Tornei-me, assim, um informante de todas as coisas que aconteciam pelo país e pelo mundo. Tanto que em pouco tempo alguns seringueiros mudaram suas rotas, para poderem me encontrar. Eu lhes fornecia, de graça e com boa vontade, informações sobre o preço da borracha, os rumos da política, os resultados do futebol...
Um dia, retornando para casa, depois de muitos dias na estrada, senti os fios vibrarem. Tomei a minha vara e li a mensagem. Pressenti que esta havia sido vazada, isto é, não fora registrada, seja para ser entregue ou retransmitida. E pude confirmar isso, mais tarde na Vila. O operador do telégrafo cochilara e a mensagem deixaria de ser entregue, caso eu não a tivesse interceptado. O destinatário da mensagem era o administrador do nosso lugarejo. A mensagem, em si, era curta e cifrada: “Não embarque. A travessia é perigosa. O rastro de ouro é pura ilusão”.
Eu decidi investigar o caso, pois andava desconfiado do tal administrador, que não era da região e que fora colocado ali sabia Deus o motivo! Pedi ao meu chefe, que era lotado em Porto Velho, uns dias de folga, que me foi concedido “pelos serviços cumpridos e pela disciplina exemplar”. Os três dias, somado ao domingo, foi o suficiente para desvendar toda a trama do embarque.
Na verdade, o pobre homem não era nada perigoso ou desonesto. Pelo contrário. O que me fez supor tratar-se de alguém que pudesse nos trazer problemas era o seu hábito de tudo anotar em um grosso caderno de notas. E eu imaginando, cuidadoso com as coisas alheias e que não me diziam respeito, que ele estava a escrever algum relatório secreto!
Na primeira oportunidade em que pudemos permanecer a sós, fui direto ao assunto e perguntei-lhe se a frase que eu interceptara fazia algum sentido para ele. Ele respondera que sim; que ela se encaixava perfeitamente; que era a mensagem perdida da terça-feira passada.

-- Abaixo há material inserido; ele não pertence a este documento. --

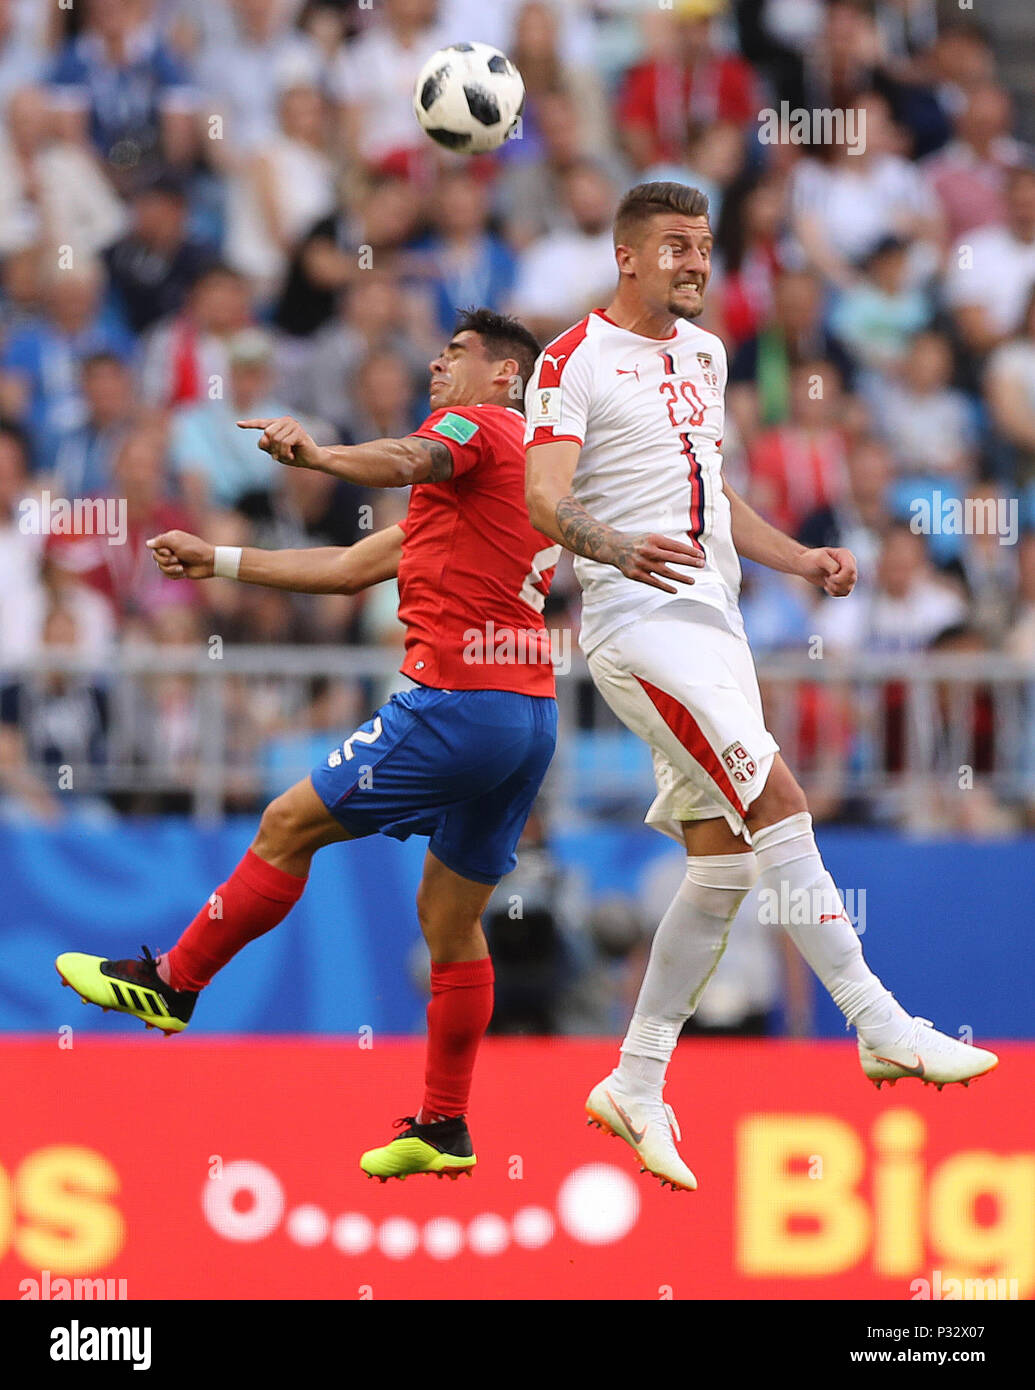 Samara, Russia. 17th June, 2018. Sergej Milinkovic-Savic (R) of Serbia vies with Johnny Acosta of Costa Rica during a group E match between Costa Rica and Serbia at the 2018 FIFA World Cup in Samara, Russia, June 17, 2018. Serbia won 1-0. Credit: Fei Maohua/Xinhua/Alamy Live News Stock Photo

Em resumo, era um homem letrado e instruído. As mensagens vinham de Cuiabá, onde fora seminarista, durante alguns anos. Ele e um amigo, que se tornara padre, estavam escrevendo a quatro mãos o que eles denominavam de “Lendas da Amazônia e do Pantanal”. Em seguida me mostrou os passos da lenta elaboração do livro, nascido das mensagens trocadas, dia a dia, numa paciência sem fim.

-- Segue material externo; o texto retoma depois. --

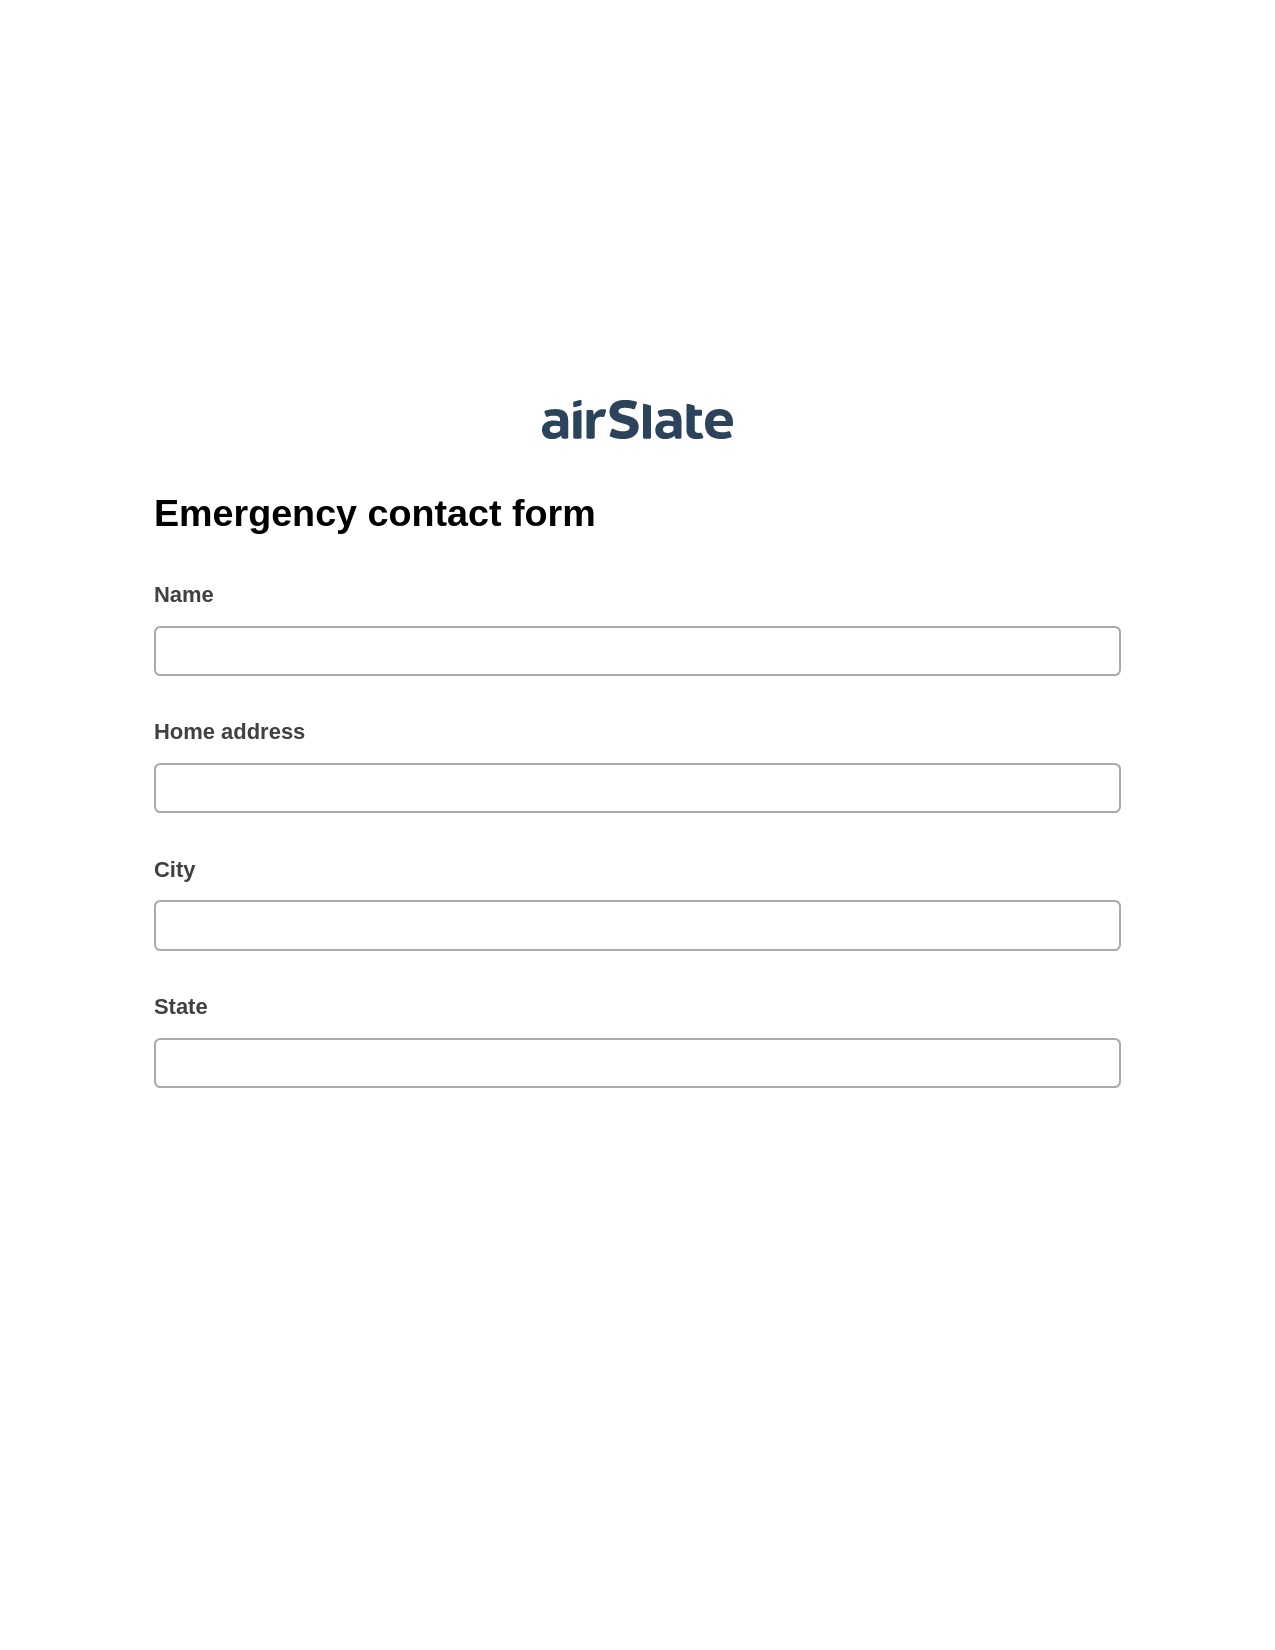 Emergency contact form Pre-fill Slate from MS Dynamics 365 Records Bot, Create slate addon, Post-finish Document Bot

O rastro de ouro era um aviso que um personagem passava a outro, no seu embarque no rio Guaporé, em Vila Bela da Santíssima Trindade, da expedição que tinha por destino primeiro o rio Madeira. Deste eles sairiam em busca do Eldorado. Como a história é muito longa, eu a contarei em outra oportunidade.
Eu disse a mim mesmo, naquele instante, depois do caso esclarecido: “Minha santa vara de aroeira! Se não fosse você, como eu poderia descobrir uma coisa dessas!?”
Daquele dia em diante, como uma criança que encontra um novo amigo para brincar, eu contava as horas para poder voltar para a Vila. As onças, as sucuris, o mapinguari, os botos, o curupira, os tuiuiús me esperavam. Enquanto nossas esposas preparavam os filés de pescada, conforme o gosto do meu amigo, nós nos abraçávamos às lendas e nos perdíamos em meio aos tantos casos...
Os olhos marejados de Seu Nonato tentavam, em vão, esconder a emoção que as lembranças evocadas lhe causavam. Outras narrativas se sucederam naquela noite-e-manhã em que comi a melhor caldeirada de peixe de toda minha vida. Na verdade, o sabor do peixe se mesclava ao tempero próprio dos casos contados, de modo que o paladar e a audição se complementavam. Dormi como um anjo, após a sessão de cinema e do verdadeiro banquete que nos serviram, no almoço do outro dia.
Na noite do dia seguinte, já refeitos, Seu Gonzaga e eu nos vimos de novo mergulhados no talento narrativo do Seu Nonato. Entre o mingau de banana e a tapioca, ele nos serviu, saindo do forno, a história da expedição ao Eldorado. Depois de tecida toda a trama e acrescentado alguns detalhes que ele sabia tão bem acentuar, cheguei a fechar os olhos para melhor saborear a descrição de um dos trechos do enredo, como este:
...desembarcaram em uma praia, na margem direita do Guaporé, na altura do Forte Príncipe da Beira. As tracajás, pequenas tartarugas de água doce, muito comuns neste rio, saltavam em festa dos galhos das pequenas árvores existentes na beira do rio, mergulhando em suas águas quase transparentes. Nisso ouviu-se um grito medonho...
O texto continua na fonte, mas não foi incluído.